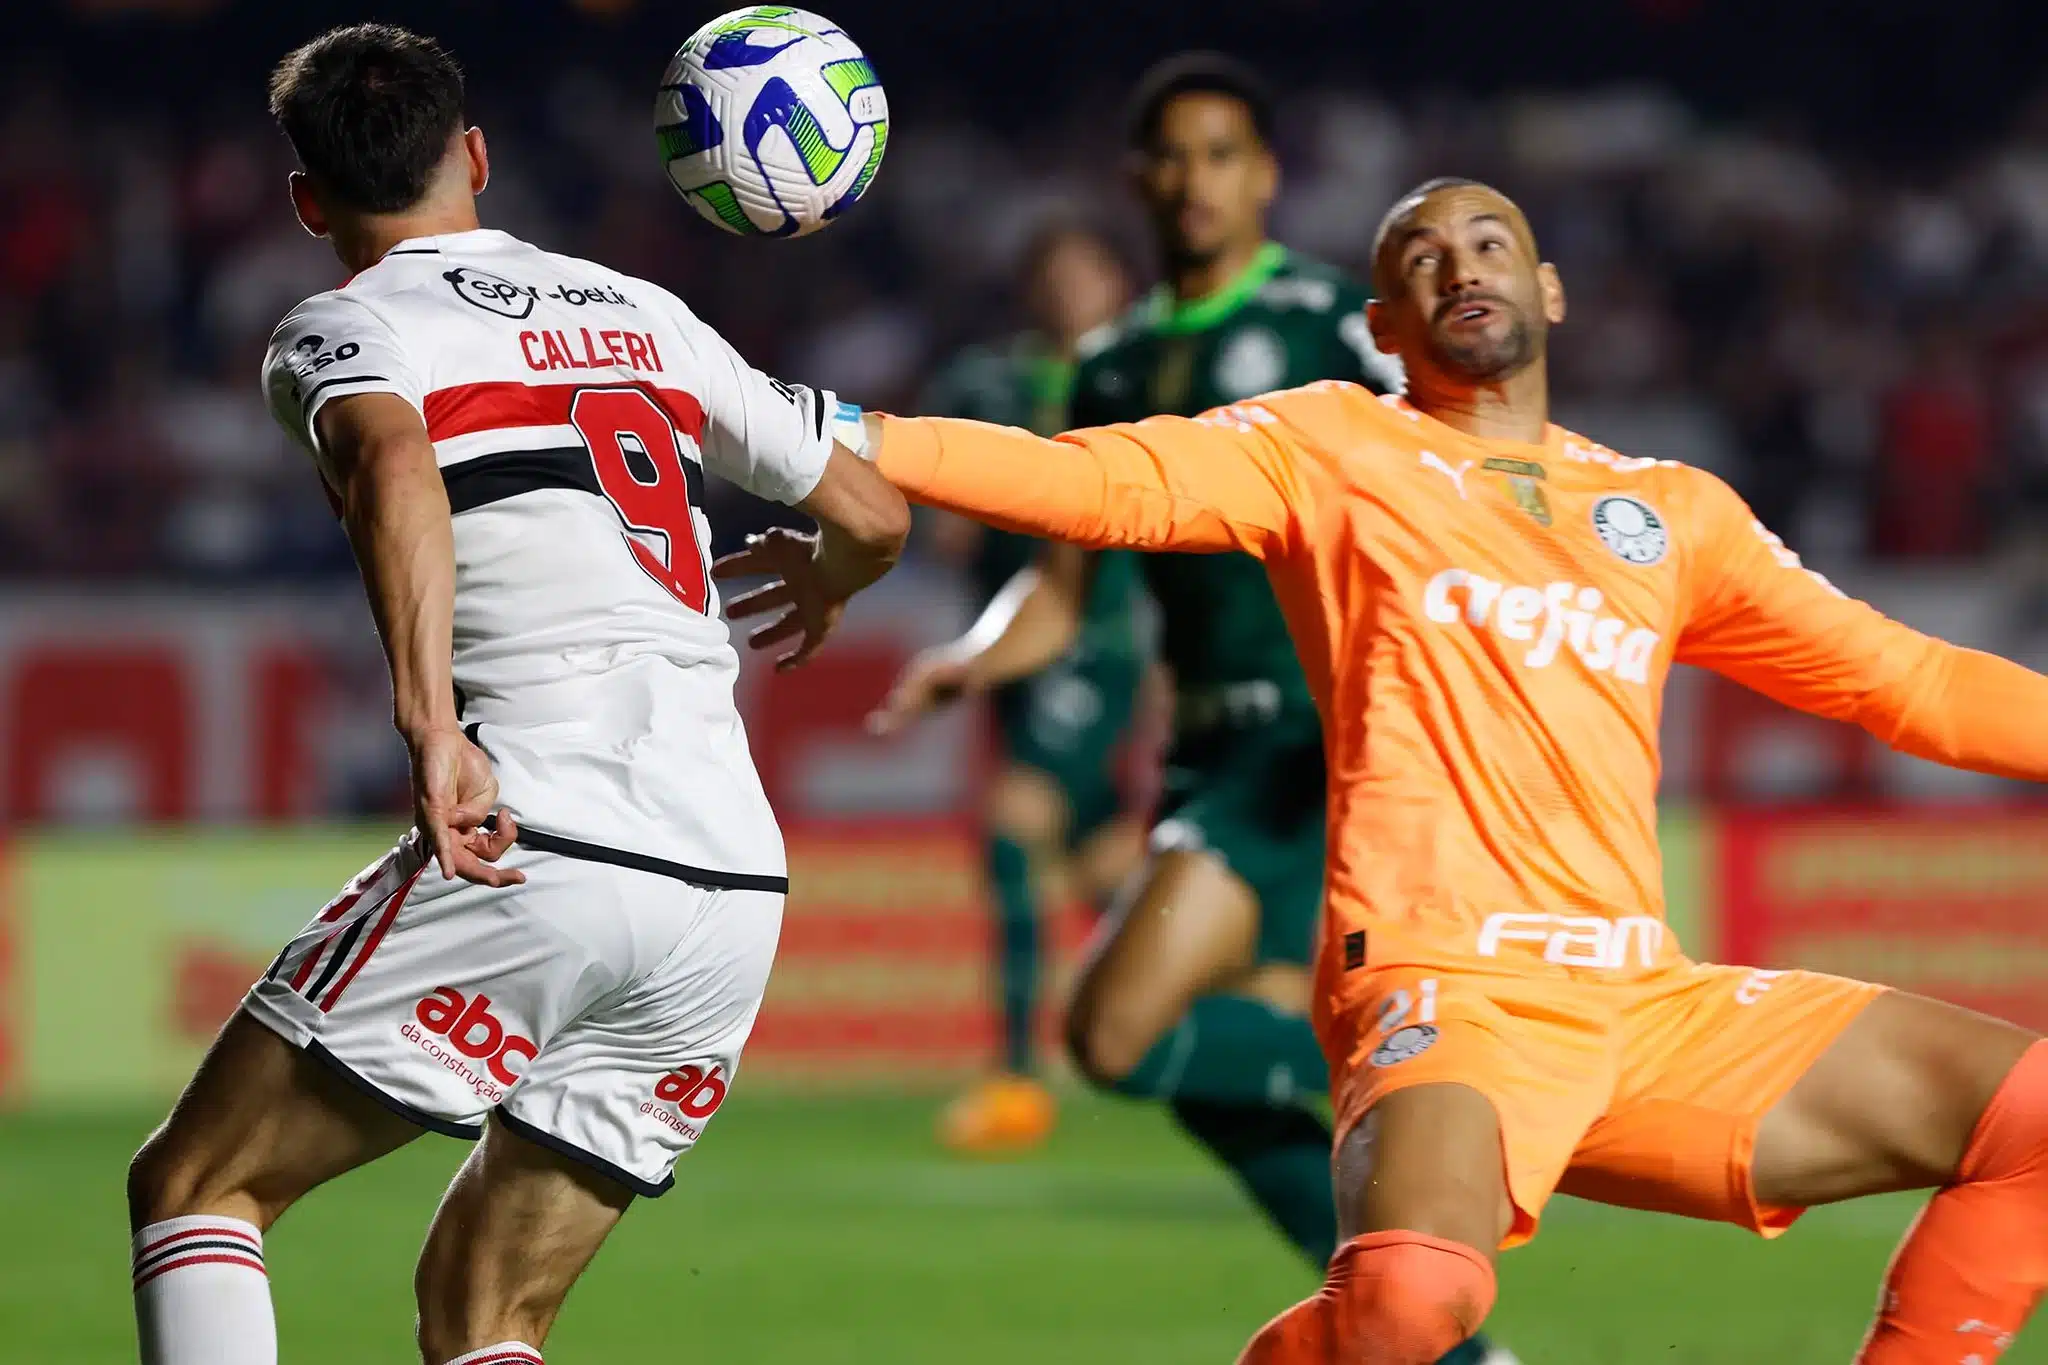 Olhar do adversário: veja a opinião de um torcedor do Palmeiras sobre o jogo contra o São Paulo
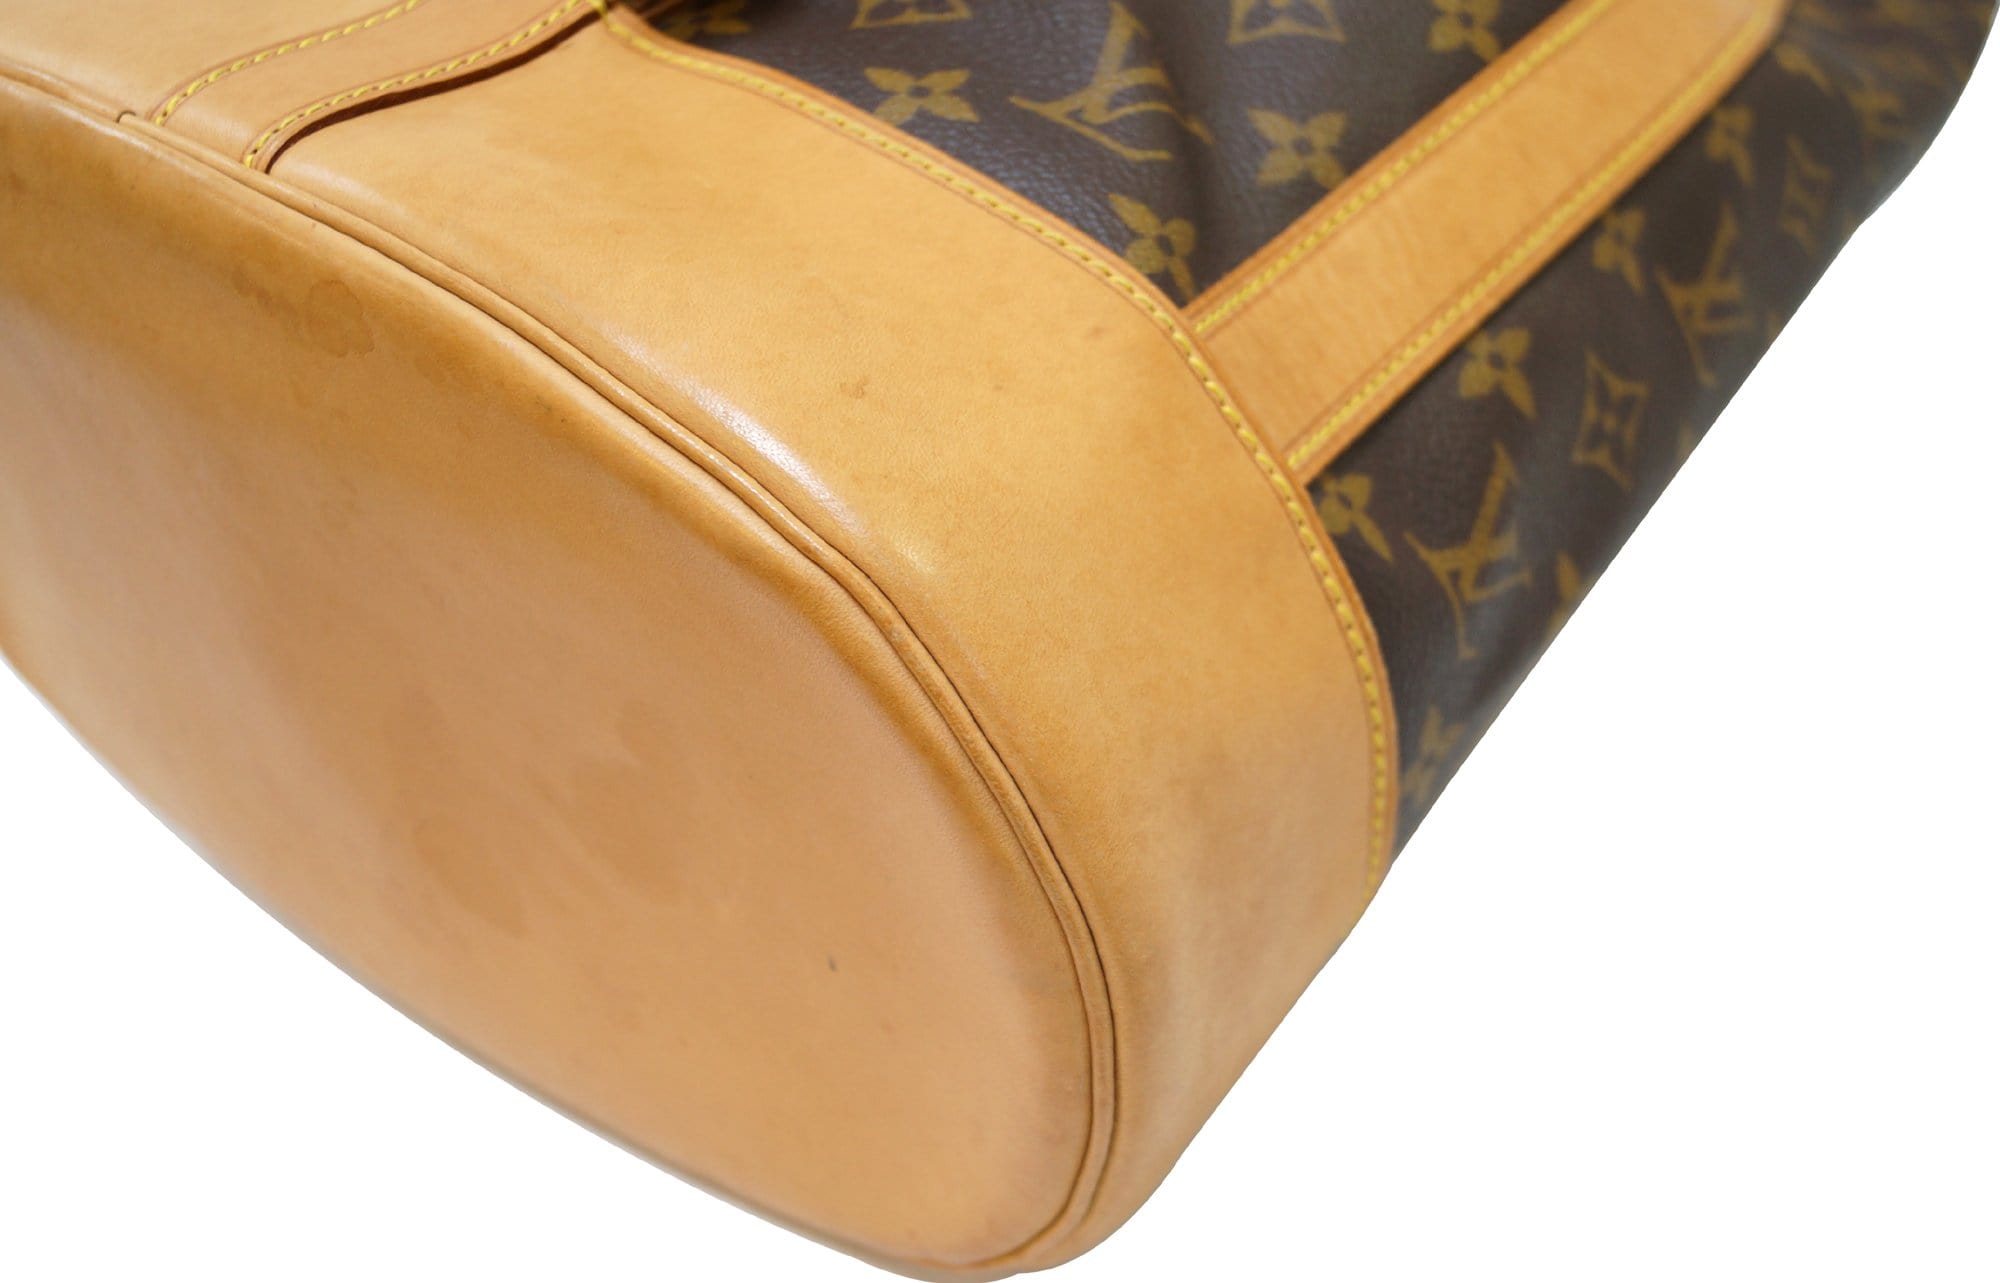 Randonnee Backpack PM Monogram – Keeks Designer Handbags
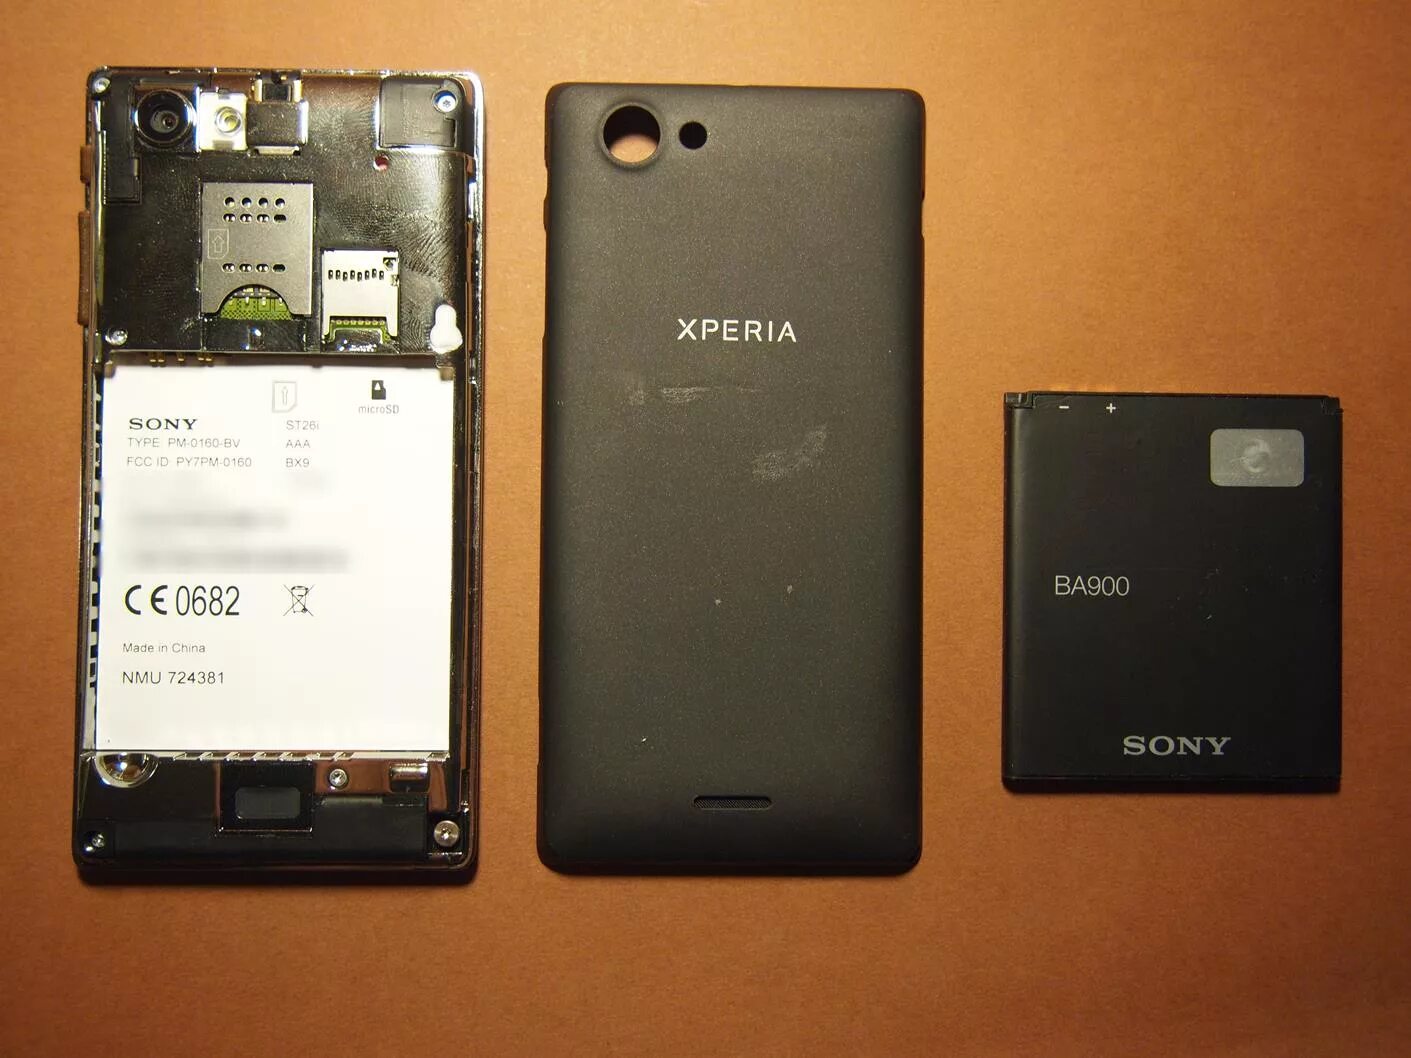 Sony xperia батарея. Sony Xperia ba900. Sony Xperia PM-0160-BV. Sony Xperia ba900 телефон. Sony pm0270.

▸ **WORK TASK**
Send back every line above exactly, skipping all pictures.

▸ **YOUR RESPONSE**
 Olhar do adversário: veja a opinião de um torcedor do Palmeiras sobre o jogo contra o São Paulo
 Randonnee Backpack PM Monogram – Keeks Designer Handbags
 Sony xperia батарея. Sony Xperia ba900. Sony Xperia PM-0160-BV. Sony Xperia ba900 телефон. Sony pm0270.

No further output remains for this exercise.